Retour aux articles

Découverte de lingots d’or enfouis : pas de droits pour les nouveaux propriétaires du fonds

Civil - Personnes et famille/patrimoine
13/06/2018
Dans un arrêt rendu le 6 juin 2018, la première chambre civile de la Cour de cassation rappelle que les nouveaux propriétaires d’une maison qui ont trouvé des lingots d’or enfouis, appartenant aux anciens propriétaires, ne peuvent pas en revendiquer la propriété.
En l’espèce, un couple avait acquis une maison, et découvert enfouis dans le jardin plusieurs lingots d’or. Les héritiers des anciens propriétaires de la maison, décédés en cours d’instance, revendiquant la propriété du trésor trouvé, ont assigné le couple en restitution et indemnisation. La cour d’appel ayant donné raison aux héritiers, les nouveaux propriétaires de la maison forment un pourvoi en cassation.

Différence avec le « trésor »

Les requérants invoquaient en premier lieu l’article 716 du Code civil, selon lequel « la propriété d'un trésor appartient à celui qui le trouve dans son propre fonds ». Selon eux, les lingots trouvés étaient donc un trésor, trouvé par hasard, sur lequel ils pouvaient revendiquer un droit de propriété.

Sur ce point, la Cour de cassation rappelle que le deuxième alinéa de l’article invoqué précise que « le trésor est toute chose cachée ou enfouie sur laquelle personne ne peut justifier sa propriété, et qui est découverte par le pur effet du hasard ». Conformément à cet article, et à la jurisprudence en découlant, il est établi que le « trésor » ne peut être qu’un bien sur lequel nul ne peut justifier d’un droit de propriété.

En l’espèce, si les lingots ont bien été découverts par hasard, leur propriété est cependant susceptible d’être établie par les héritiers des anciens propriétaires du fonds, qui apportent des éléments en ce sens. Les nouveaux propriétaires ne peuvent donc pas se baser sur cet article pour revendiquer un droit de propriété sur les lingots.

Pas de prescription acquisitive

Les requérants invoquaient en second lieu l’article 2276 du Code civil, selon lequel « en fait de meubles, la possession vaut titre ». Le second alinéa de cet article prévoyant un délai de prescription de trois ans afin de revendiquer la propriété d’une chose perdue ou volée, les requérants soutenaient que, ce délai étant dépassé lors de l’introduction de l’action des anciens propriétaires, ils n’étaient plus fondés à réclamer leurs biens.

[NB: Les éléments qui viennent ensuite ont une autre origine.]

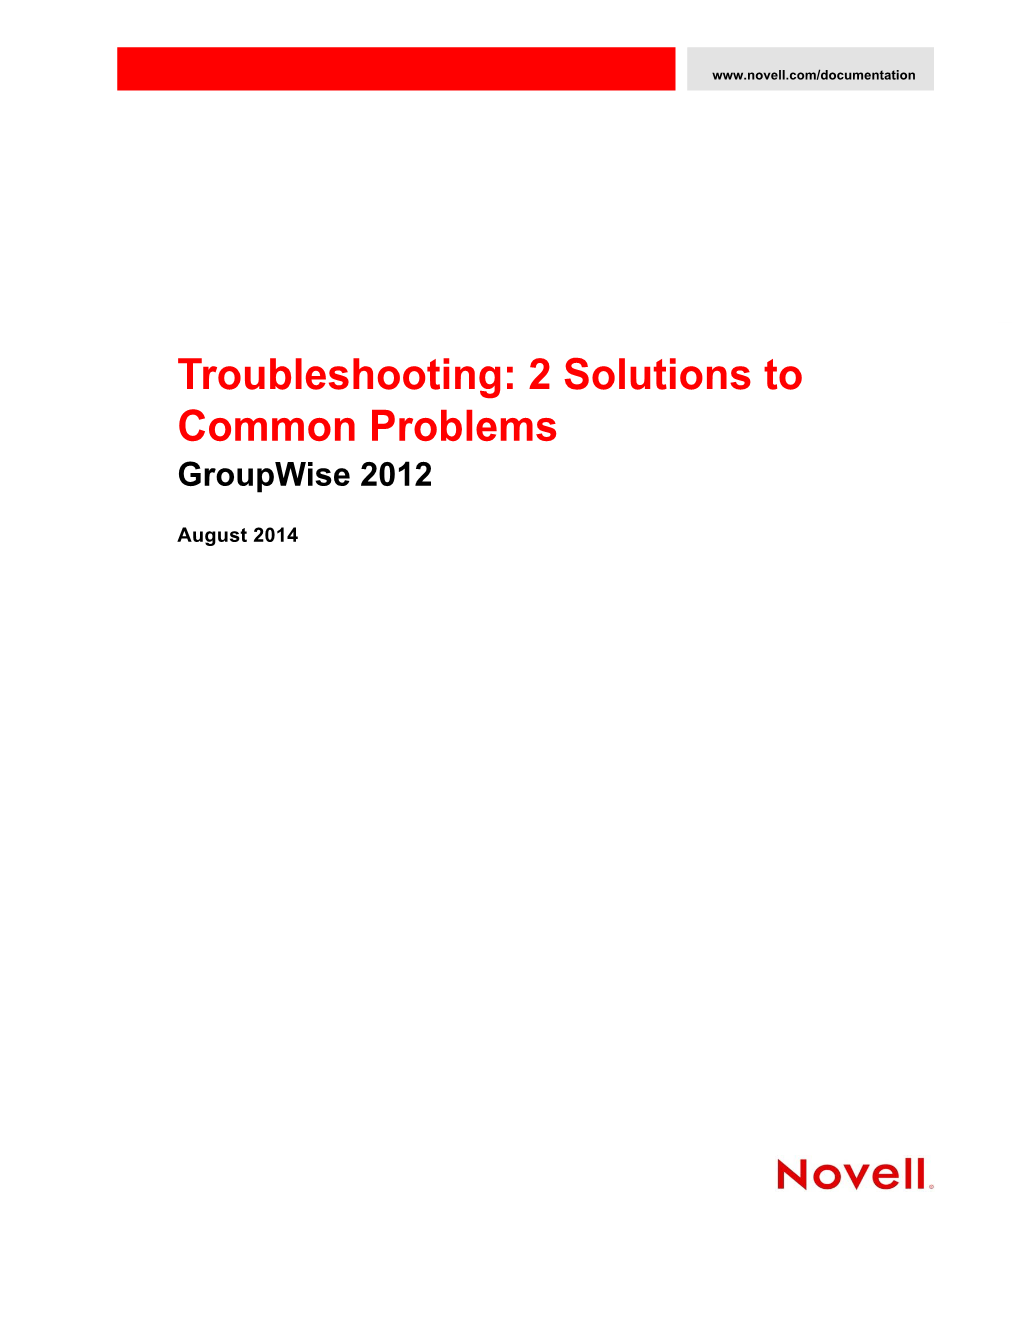 Groupwise 2012 Troubleshooting 2: Solutions to Common Problems About This Guide

Les requérants déclaraient être entrés en possession des lingots de bonne foi, en signalant la découverte à la police, la mairie et la Banque de France, de sorte qu'ils remplissaient bien les conditions pour se prévaloir de l'effet acquisitif de propriété de la possession mobilière. Ils affirmaient en outre remplir les conditions d'une possession paisible, publique et non équivoque, valant titre et leur conférant la qualité de propriétaires.

Sur ce point encore, la cour d’appel avait écarté la fin de non-recevoir, et avait affirmé que les requérants ne pouvaient prétendre à aucun droit sur les lingots et les sommes provenant de leur vente. Elle les avait condamnés à restituer aux héritiers des anciens propriétaires le produit de la vente d'une partie des lingots et à leur remettre le surplus des lingots litigieux, ainsi qu'à leur verser une certaine somme au titre des frais de transport de ces biens.

Imprescriptibilité du droit de propriété

La Cour de cassation confirme cette décision de la cour d’appel. Elle estime que « celui qui découvre, par le pur effet du hasard, une chose cachée ou enfouie a nécessairement conscience, au moment de la découverte, qu'il n'est pas le propriétaire de cette chose, et ne peut être considéré comme un possesseur de bonne foi ». Ainsi, selon la Haute cour, cette personne ne peut se prévaloir des dispositions de l'article 2276 du Code civil pour faire échec à l'action en revendication d'une chose ainsi découverte.

La cour ajoute que, conformément à l'article 2227 du Code civil, « le droit de propriété est imprescriptible », et l’action des héritiers n'est donc pas susceptible de prescription. Dès lors, la cour d’appel a retenu à bon droit que, d’une part, l’article 2276 n’était pas applicable en l’espèce et, d’autre part, que les héritiers pouvaient librement rapporter la preuve qu’ils étaient propriétaires des biens trouvés.